I am appraising a 35 acre vacant parcel to have development rights donated. Current use is agricultural. Half of the parcel runs parallel to the river and is in a flood plain. Therefore, we are looking at only roughly 17 acres having an effect by losing development rights. Town has no zoning.
Directly adjacent is a 5 acre parcel of land held by the same owner, and at the other side is a 150 acre farm owned by the daughter. In fact, she farms the subject 35 acre parcel. So, we are definitely looking at Enhancement.
I know I must appraise the WHOLE before and after, so that accounts to roughly 190 acres....
My question is this--Am I appraising a farm (w/house and barns etc.) with 190 acres or three parcels of land totalling 190 acres ?

Since you are appraising a conservative easement, I'm sure you are familiar with this, but for everyone else thinking about doing conservation easements, the value of a conservation easement is the difference between the value of land if it were developable and the value once the easement is placed. The Internal Revue Service (IRS) has a position that if the appraiser cannot document and/or show that there is development pressure, there is no value to the conservation easement. The IRS audits many conservation easements and experts who do these appraisals on a daily basis scrutinize the appraisals.

Make sure you as the appraiser have official written documentation from the State, Town, City, and/or County on the development pressures. Have a very detailed workfile. Make sure to dot all i’s and cross all t’s, because you and your client will be audited.

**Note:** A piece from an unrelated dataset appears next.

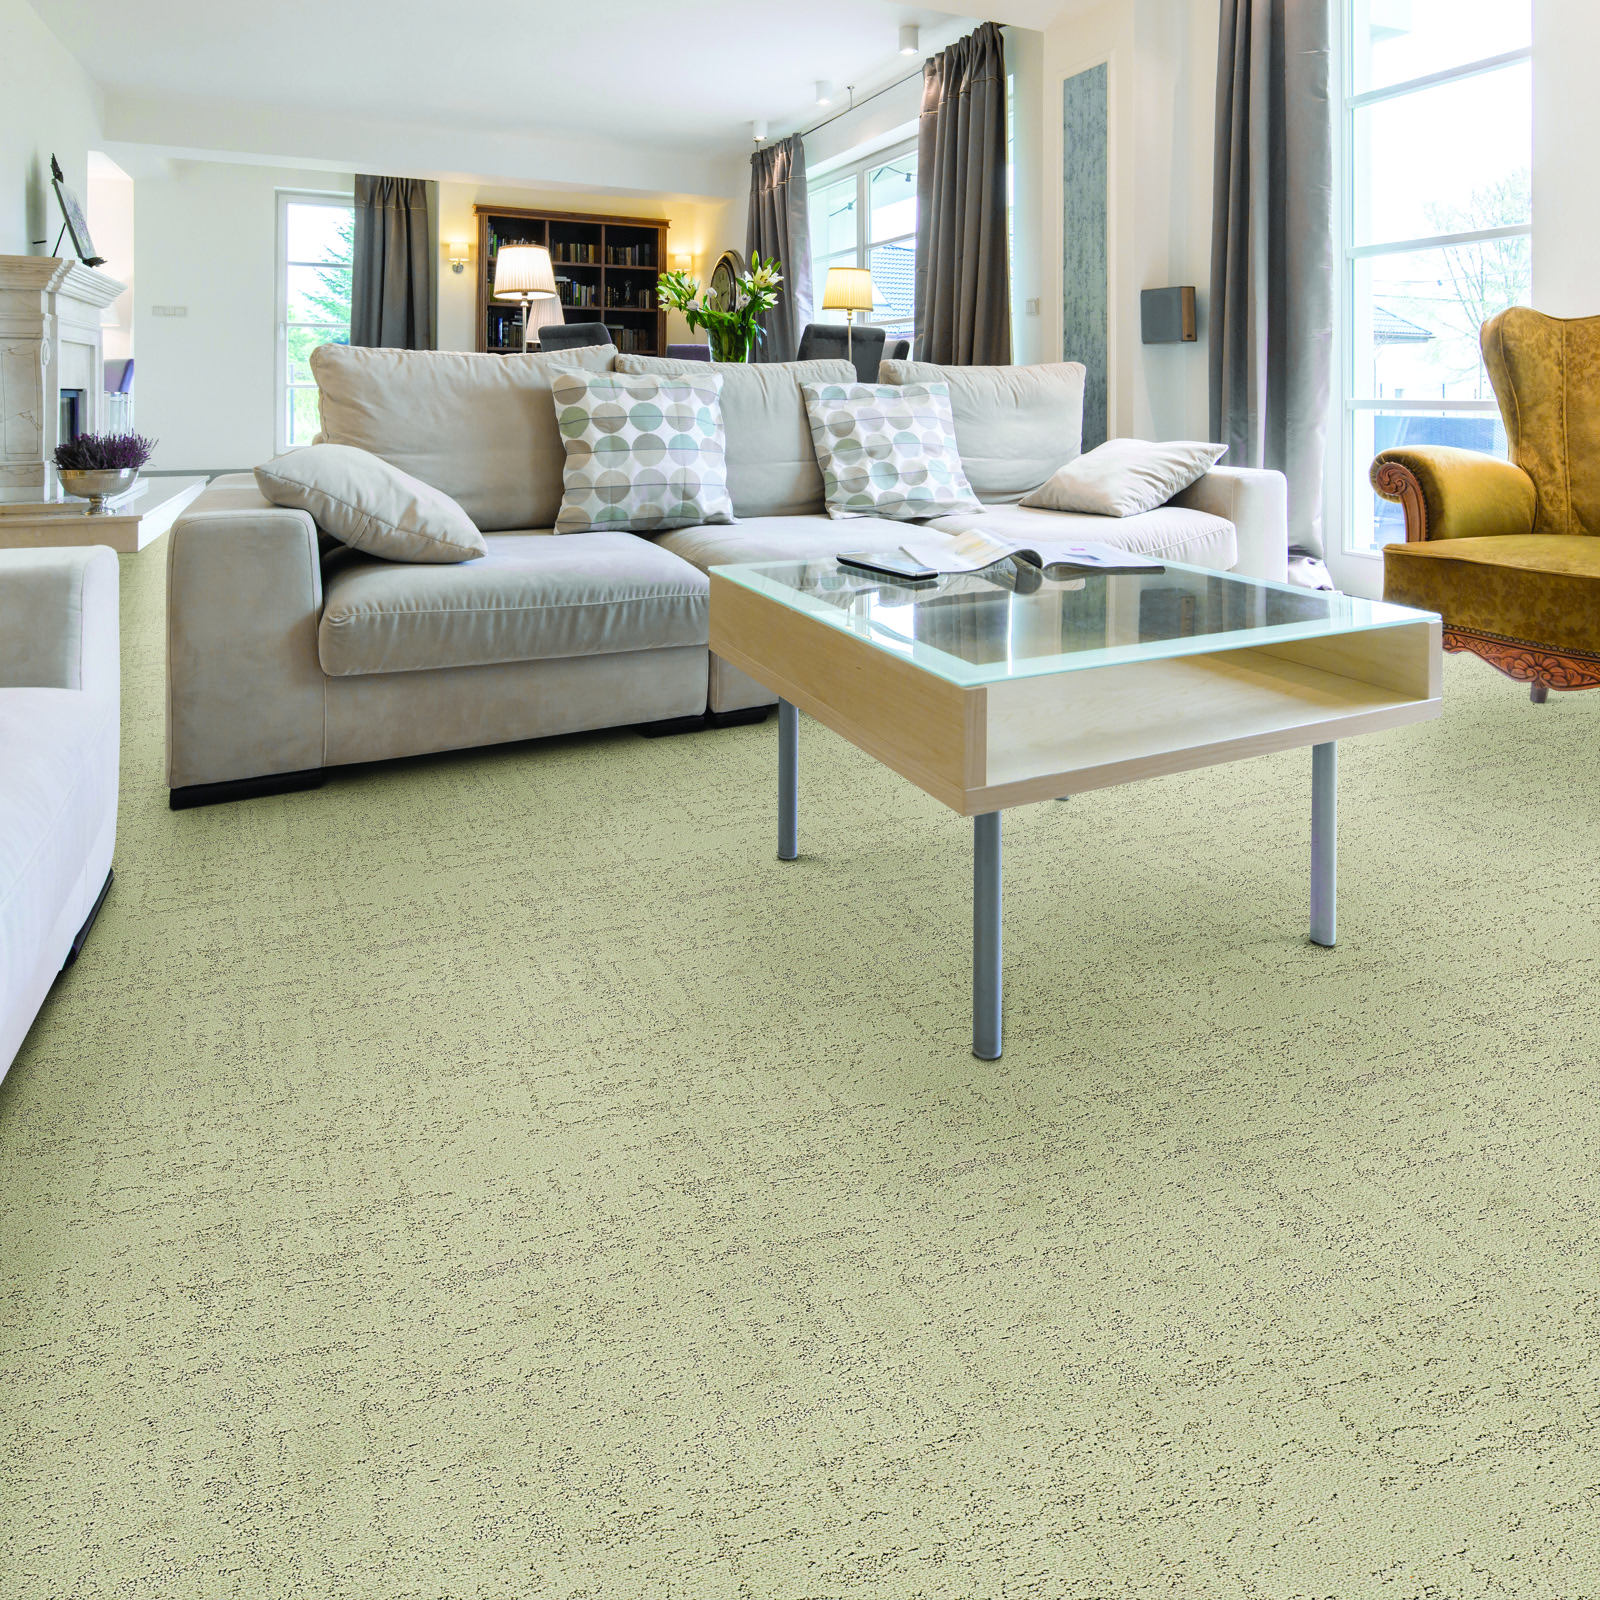 Living room carpet floor | Big Bob's Orem

The IRS recently made settlement offers to a number of conservation easements donors whose property values it questioned. The settlement letters dropped the values of the donated easements anywhere from 75%, 60%, 30%, and 0% of the appraisal. Fifteen taxpayers where told their easements was worth zero. One landowner might have to sell his ranch if the IRS does not offer a settlement.

Make sure you are current on your E&O Insurance and charge accordingly.

Good luck.
 
Last edited:

PropertyEconomics

Elite Member
Joined
Jun 19, 2007
Professional Status
Certified General Appraiser
State
New Mexico
Since you are appraising a conservative easement, I'm sure you are familiar with this, but for everyone else thinking about doing conservation easements, the value of a conservation easement is the difference between the value of land if it were developable and the value once the easement is placed. The Internal Revue Service (IRS) has a position that if the appraiser cannot document and/or show that there is development pressure, there is no value to the conservation easement. The IRS audits many conservation easements and experts who do these appraisals on a daily basis scrutinize the appraisals.

Make sure you as the appraiser have official written documentation from the State, Town, City, and/or County on the development pressures. Have a very detailed workfile. Make sure to dot all i’s and cross all t’s, because you and your client will be audited.

Make sure you are current on your E&O Insurance and charge accordingly.

Good luck.


Great Advice Ron .. that was exactly what I was saying when I said you need to know the IRS rules. So many times typical appraisal practice doesnt fit in these situations. Great post.
 

Terrel L. Shields

Elite Member
Gold Supporting Member
Joined
May 2, 2002
Professional Status
Certified General Appraiser
State
Arkansas
If you have not had the Conservation easement course taught by the AI, I suggest you might want to pass on this.
 

Caryn Zeh

Thread Starter
Freshman Member
Joined
Jul 14, 2007
Professional Status
Certified General Appraiser
State
New York
Conservation Easements

THANK YOU ALL FOR YOUR ASSISTANCE!
I valued all opinions and based on that and some extensive down and dirty research i conducted, I knew this was not an assignment I wanted to take on, and passed. Thanks again and Happy Holidays to all.